EFS performance modes:

General Purpose: low-latency operations (web servers, CMS).
Max I/O: high aggregate throughput (big data, media processing) -- higher latency.

Databases

Q6. When do you use RDS vs DynamoDB vs Aurora vs ElastiCache?

Service	Type	Use case	When NOT to use
RDS (MySQL/PostgreSQL)	Relational	Structured data, ACID transactions, reporting	High-scale OLTP (>100K TPS)
Aurora	Managed relational (MySQL/PG compat)	High-scale relational, global apps	Simple/small workloads (cost)
DynamoDB	NoSQL key-value/document	Single-digit ms at any scale, serverless	Complex queries, JOINs, ACID multi-table
ElastiCache (Redis)	In-memory cache	Session store, leaderboards, pub/sub, hot data	Durable primary storage
ElastiCache (Memcached)	In-memory cache	Simple key-value cache, horizontal scaling	Complex data structures, persistence
Redshift	Columnar OLAP	Data warehouse, analytics (TB-PB)	OLTP, row-level updates
DocumentDB	MongoDB-compatible	JSON documents, content management	High-volume time series
Neptune	Graph	Social graphs, fraud detection	Non-graph data

Aurora advantages over RDS:

Up to 15 read replicas (vs 5 for RDS MySQL/PG).
Automatic storage growth in 10 GB increments (no pre-provisioning).
Aurora Global Database: sub-second cross-region replication (RPO seconds, RTO < 1 minute).
Aurora Serverless v2: auto-scales from 0.5 to 128 ACUs in seconds.

Q7. How does DynamoDB achieve single-digit millisecond performance at scale?

DynamoDB architecture for scale:

1. Partition key distribution Data is distributed across partitions by hashing the partition key.
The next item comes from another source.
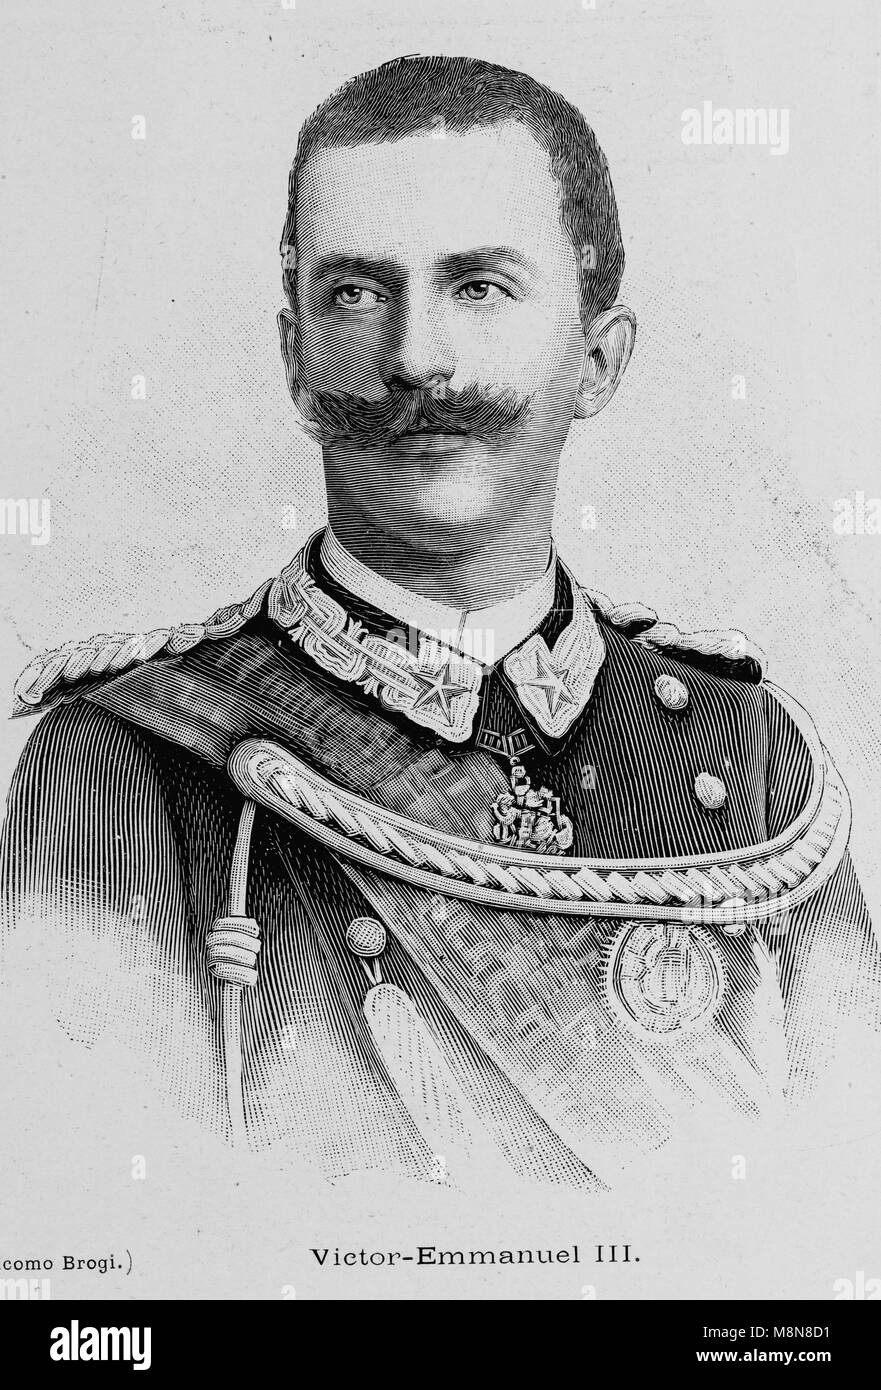 Le roi Victor Emmanuel III d'Italie, Photo de l'hebdomadaire français journal l'illustration, 4 août 1900 Banque D'Images

Each partition handles up to 3,000 RCUs and 1,000 WCUs.

# Hot partition problem: all writes to same partition key
# BAD key: status (only "active"/"inactive" -- two partitions take all traffic)
# GOOD key: user_id (high cardinality, uniform distribution)

# For write-heavy hot keys: add random suffix
user_id = "user123"
shard_key = f"{user_id}#{random.randint(0, 9)}"  # 10 shards per user
# Read: query all 10 shards, merge results

2. Eventually consistent vs strongly consistent reads

import boto3

dynamodb = boto3.resource('dynamodb', region_name='us-east-1')
table = dynamodb.Table('Orders')

# Eventually consistent (default) -- 50% cost, may lag milliseconds
response = table.get_item(Key={'order_id': '12345'})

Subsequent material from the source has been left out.